ID:120247
 
Resolved
The receiver of world.Export() was sometimes sending back messages that caused the sender to shutdown prematurely. The receiver now avoids sending such messages, and the sender is more tolerant of them.
BYOND Version:493
Operating System:Windows 7 Home Premium 64-bit
Web Browser:Firefox 7.0.1
Applies to:Dream Daemon
Status: Resolved (494)

This issue has been resolved.
Descriptive Problem Summary:
Ping topics (world.Export("byond://[ipPort]?ping")) have become unreliable, possibly due to my network being stressed.
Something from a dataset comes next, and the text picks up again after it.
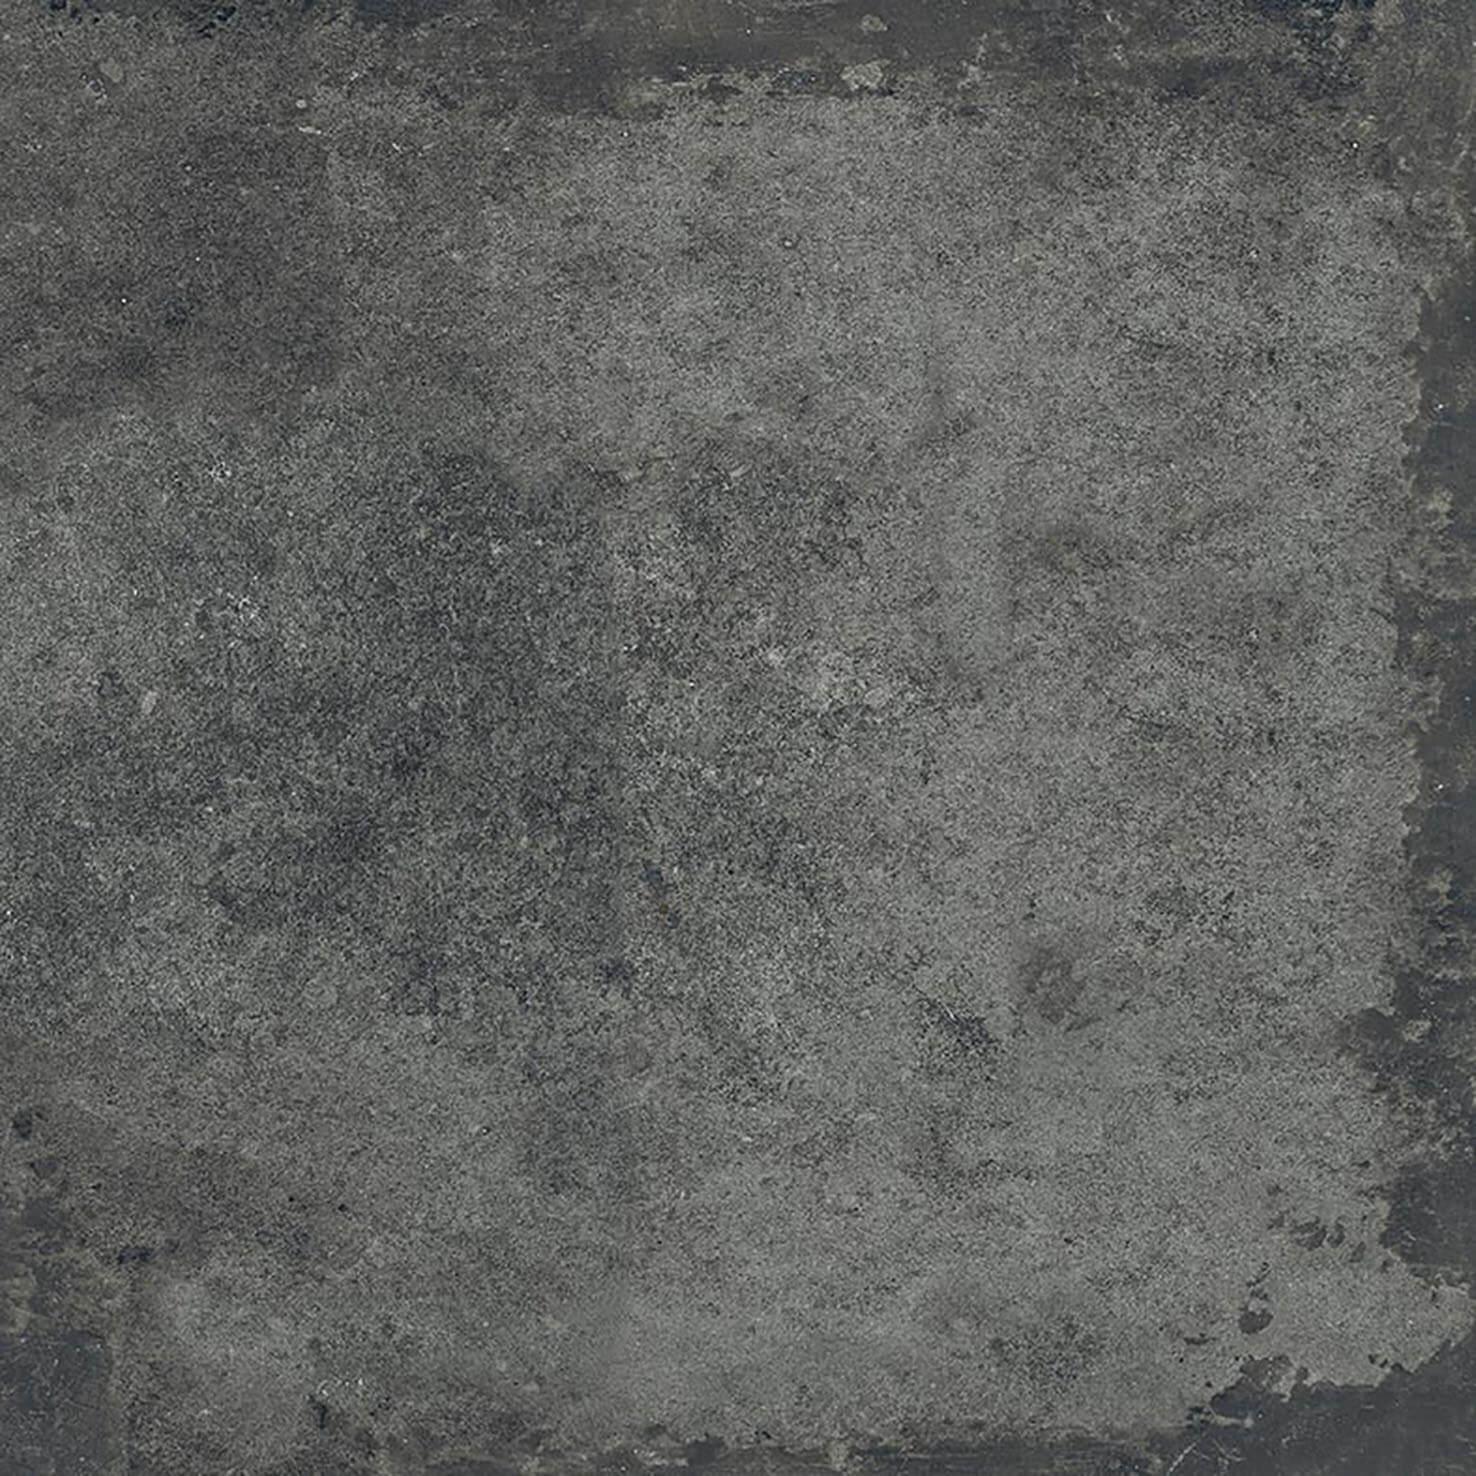 00130_CASTLESTONE_BLACK_NAT-RET_60X60

Even after establishing a supposedly persistent connection, ping topics will often return null, it does this almost instantly, which would seem to imply that the connection is not timing out, but that something is just failing somewhere in the communication process. Attempting to use this method to contact remote servers almost never returns an actual result. Using this method to determine if servers are "alive" is somewhat detrimental with such unreliable success rates, and if topics aren't getting through at all then this is even worse in a situation where vital information needs to be distributed (haven't been able to test fully test this yet, but topics in general do seem to always register, even ones sent from external sources).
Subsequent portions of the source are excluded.